At the risk of further muddying the water, average weekly wage and average manufacturing wage are related to employment in a locality. Whereas poverty and living wages are related to the people of a locality. Thus, an EDO could recruit high wage jobs that are filled by in-commuters leaving the income levels of the residents unchanged. We recommend tracking per capita and median household income in a group of data points we call ‘economic health indicators’. These indicators show if economic policies are positively impacting people over time. It is a good practice to see if your residents’ income is keeping up with wage growth. You can do this by comparing the percent change in median household income to the percent change in average wages over the same period.

 

When determining what wage standard to use for your economic development programs, first clearly define the goal of the program. If it is to improve the quality of life of citizens in your community, then ask which wage standard will achieve that goal.  Be ready to explain the differences to keep community stakeholders informed about economic development programs and goals.

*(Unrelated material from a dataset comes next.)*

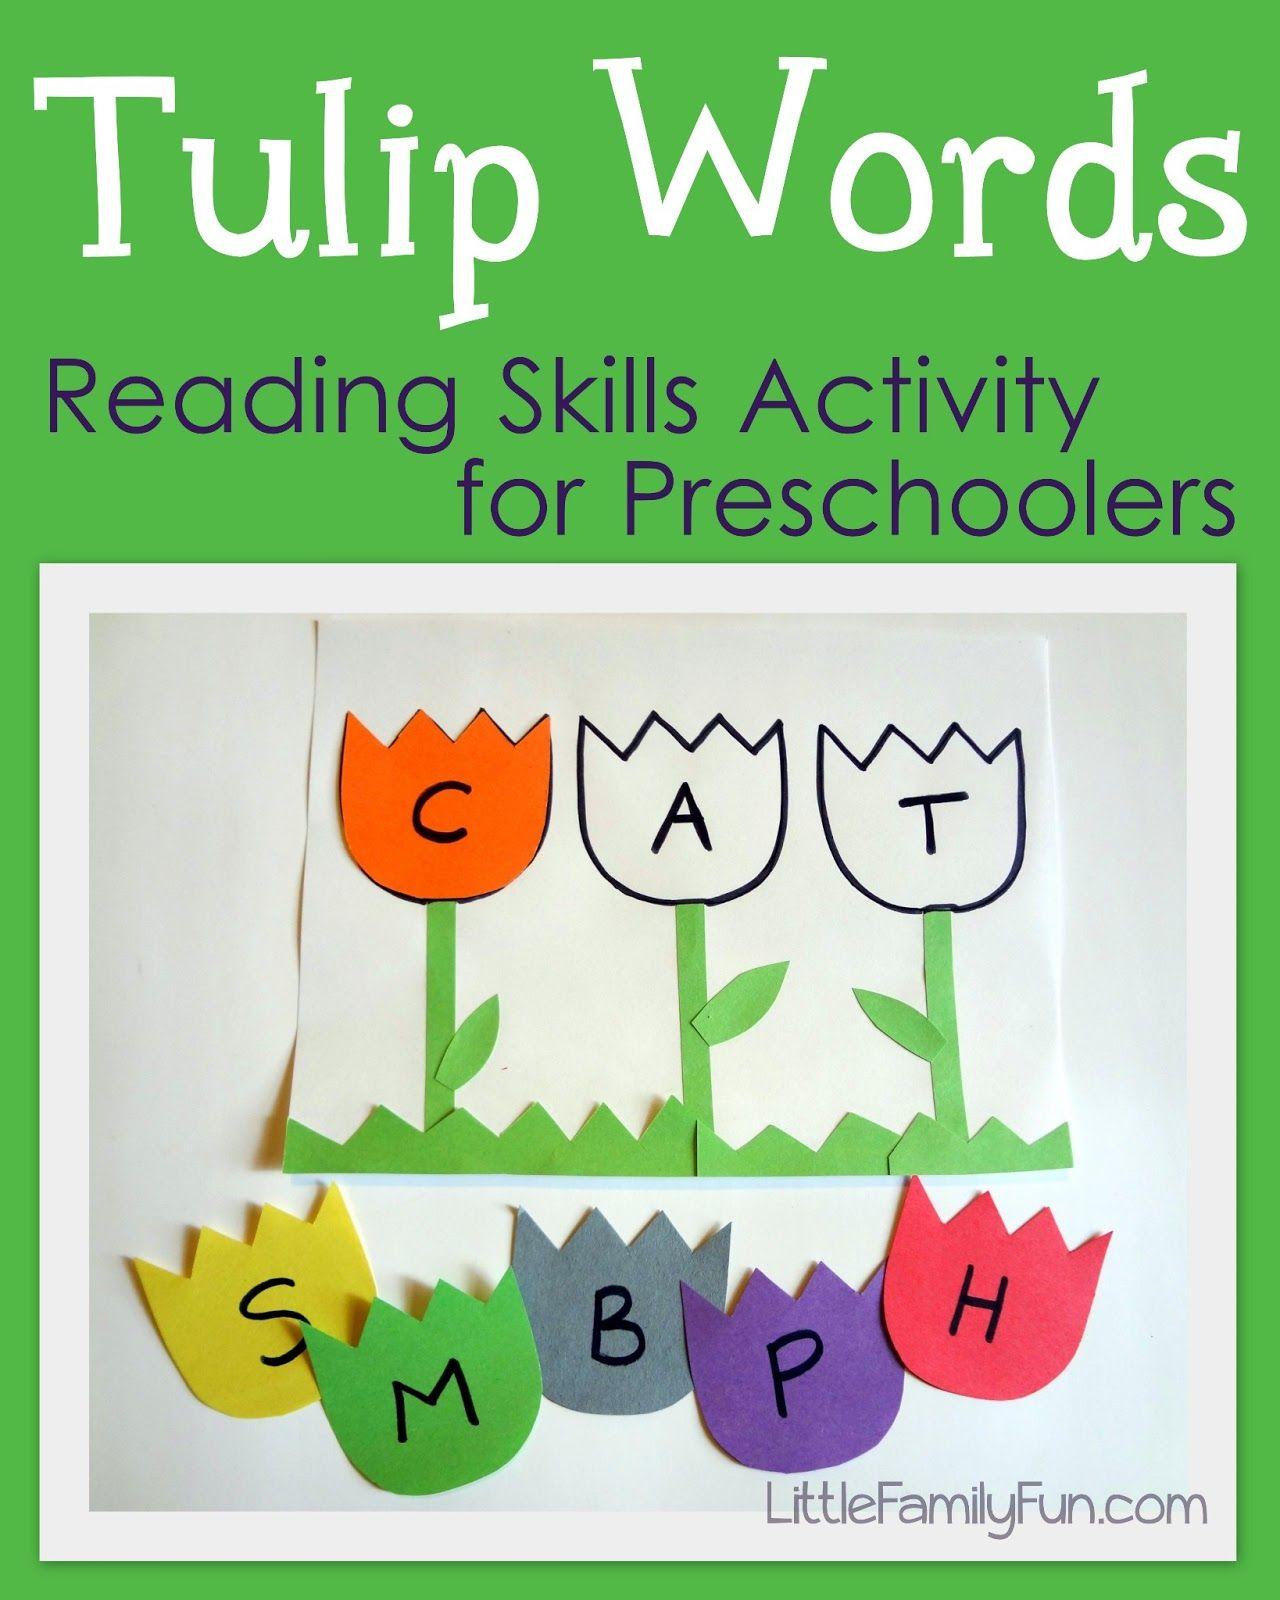 Little Family Fun Tulip Words

Talking Points for Elected Officials
  • Clearly define the goal of economic development incentive and grant programs to determine what wage standard will help you meet that goal.
  • poverty wage qualifies people for government assistance.
  • The federal minimum wage of $7.25 is below a subsistence wage and if more than one person is in the household, it qualifies people for government assistance.
  • The MIT living wage calculator calculate wages just above the federal minimum for assistance and is considered a subsistence wage.
  • Requiring companies to exceed the average weekly wage by some percentage will support a goal of raising overall wages toward improving quality of life.
  • Average manufacturing wages almost always exceed the average weekly wages making it a wage standard that will support a goal of raising overall wages and improving the quality of life.
  • Communities can conduct research to determine the difference between a subsistence wage and a true living wage by researching the cost of food, housing, and non-food and non-housing expenses as well as a margin for unforeseen events.
  • Track per capita and median household income growth and compare to average wage growth to see if residents’ income is keeping pace with wage growth.